The insurance company, however, insists that affirmative relief in an interpleader action may not in any event be awarded to the defendants. Whatever may be the general rule in such cases it has no application to the peculiar facts of this case. In making such statement, however, we are not to be understood as conceding the correctness of this position of the plaintiff. And this is so because of its own allegation in its- interpleader bill and its prayer for relief.
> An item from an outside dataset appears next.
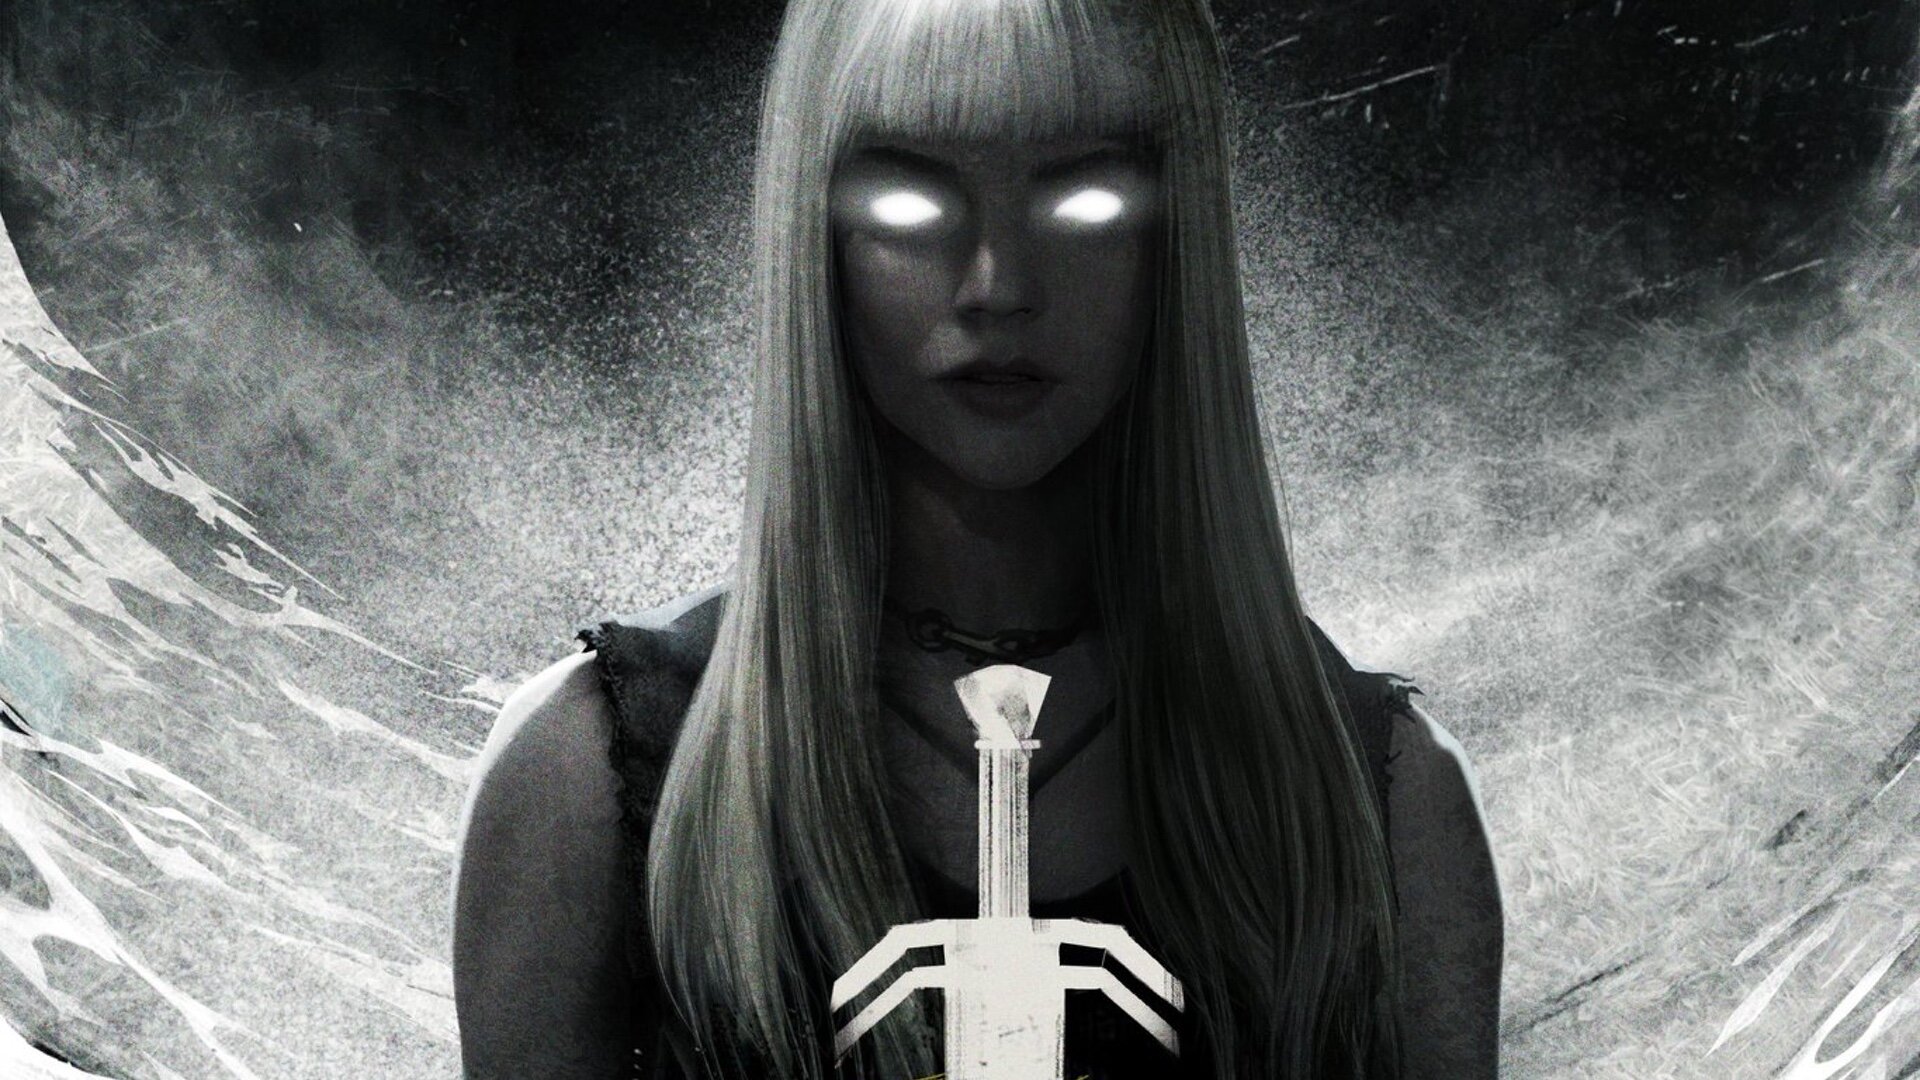 New Mutants Artist Teases Anya Taylor-Joy's Role as Magik in the
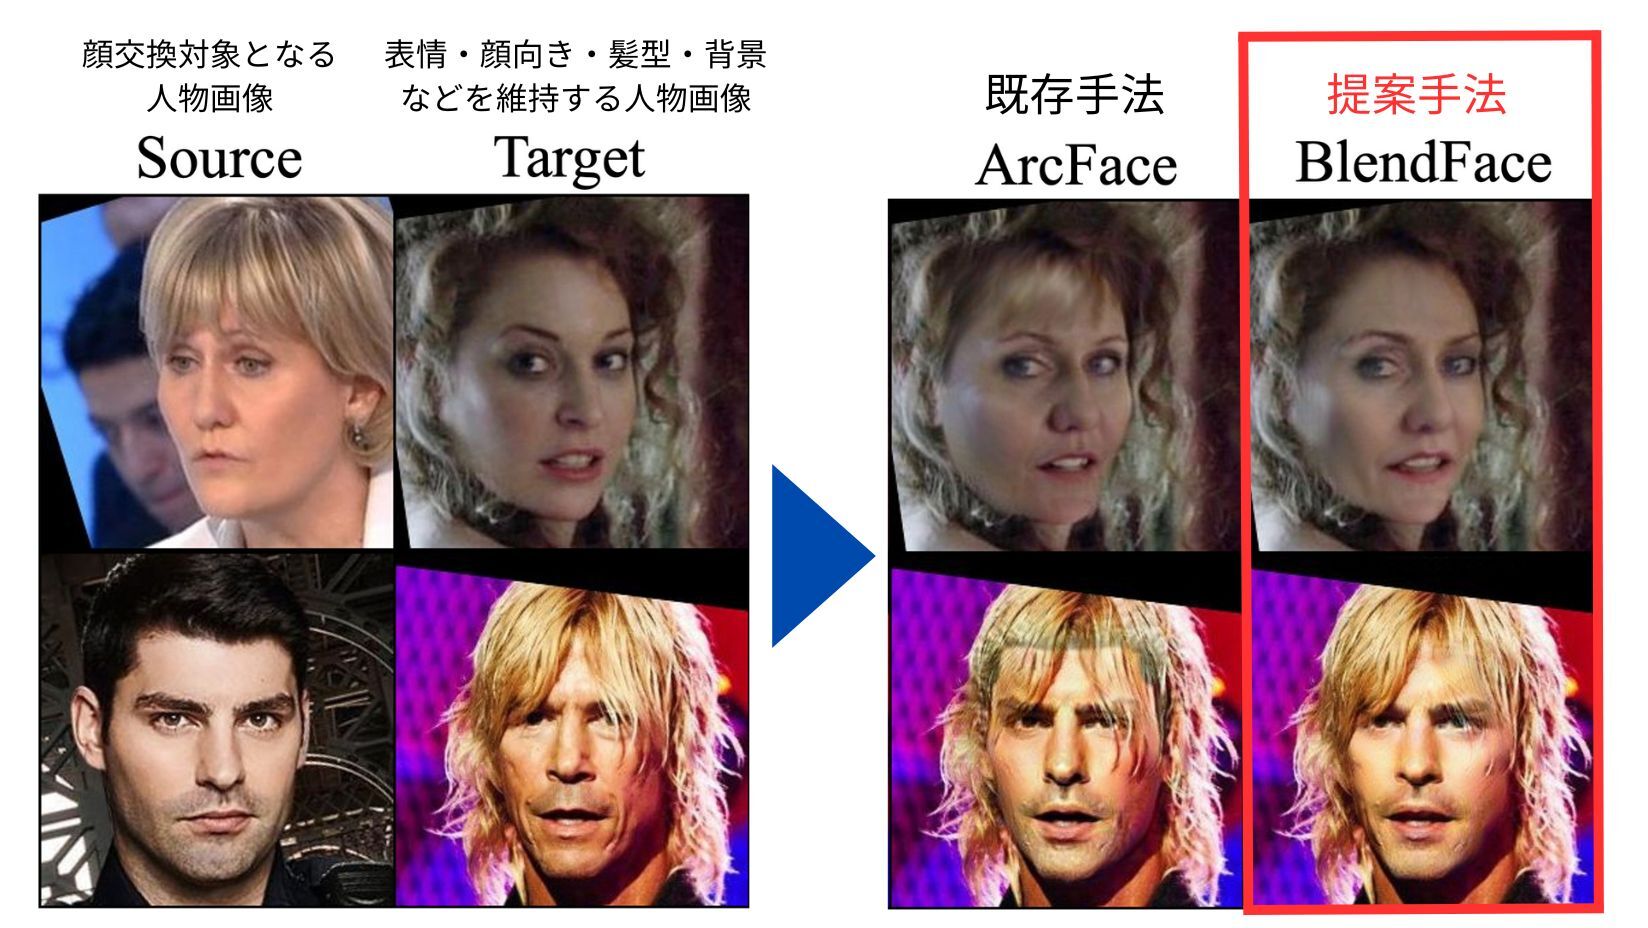 図1 既存手法（ArcFace）と提案手法（BlendFace）の比較

In the closing paragraph of its complaint the plaintiff alleges: ' ' That it has no adequate remedy at law and that unless this court takes jurisdiction of this cause and requires the defendants to inter-plead herein, claiming said money or disclaiming' any interest therein, the plaintiff will be subjected to a multiplicity of suits and also of having judgments rendered against it in favor of more than one of the said defendants." And in its prayer for relief plaintiff specifically prays: "That each of the above named defendants be required to interplead in this cause and make whatever claims they may have against the plaintiff on account of the facts herein stated, and that all of the claims of the defendants and matters in dispute between them and the plaintiff be settled by the judgment of this court and that the defendants be enjoined and restrained from instituting or prosecuting any action against the plaintiff on account of the facts herein stated." In the light of this declaration by the plaintiff in its own bill of interpleader, and in its demand that the defendants, shall set up and have determined whatever claims they, or each of them, may have against it, plaintiff certainly may not now be heard to assert that the trial court committed error in deciding' the very issues which it asked to have determined. We said in Whitlock v. Alliance Coal Co., 73 Colo. 205 ( 214 Pac. 546), at page 211: "It is a familiar rule that a court of equity, once having obtained jurisdiction of a cause for one purpose, may dispose of all controverted questions presented by the issues." And in Cobbey v. Peterson, 89 Colo. 350 [3 P. (2d) 298], at page 354, we again approved of the general rule that: "When a court of equity has acquired jurisdiction it may do whatever is necessary to effect justice even if in so doing it awards relief ordinarily cognizable only in courts of law. ' ' And the opinion cites a large list of cases so holding.
The judgment of the trial court was fully justified by the pleadings and the evidence produced. Judgment is affirmed.
Mr. Chief Justice Adams and Mr. Justice Hilliard concur.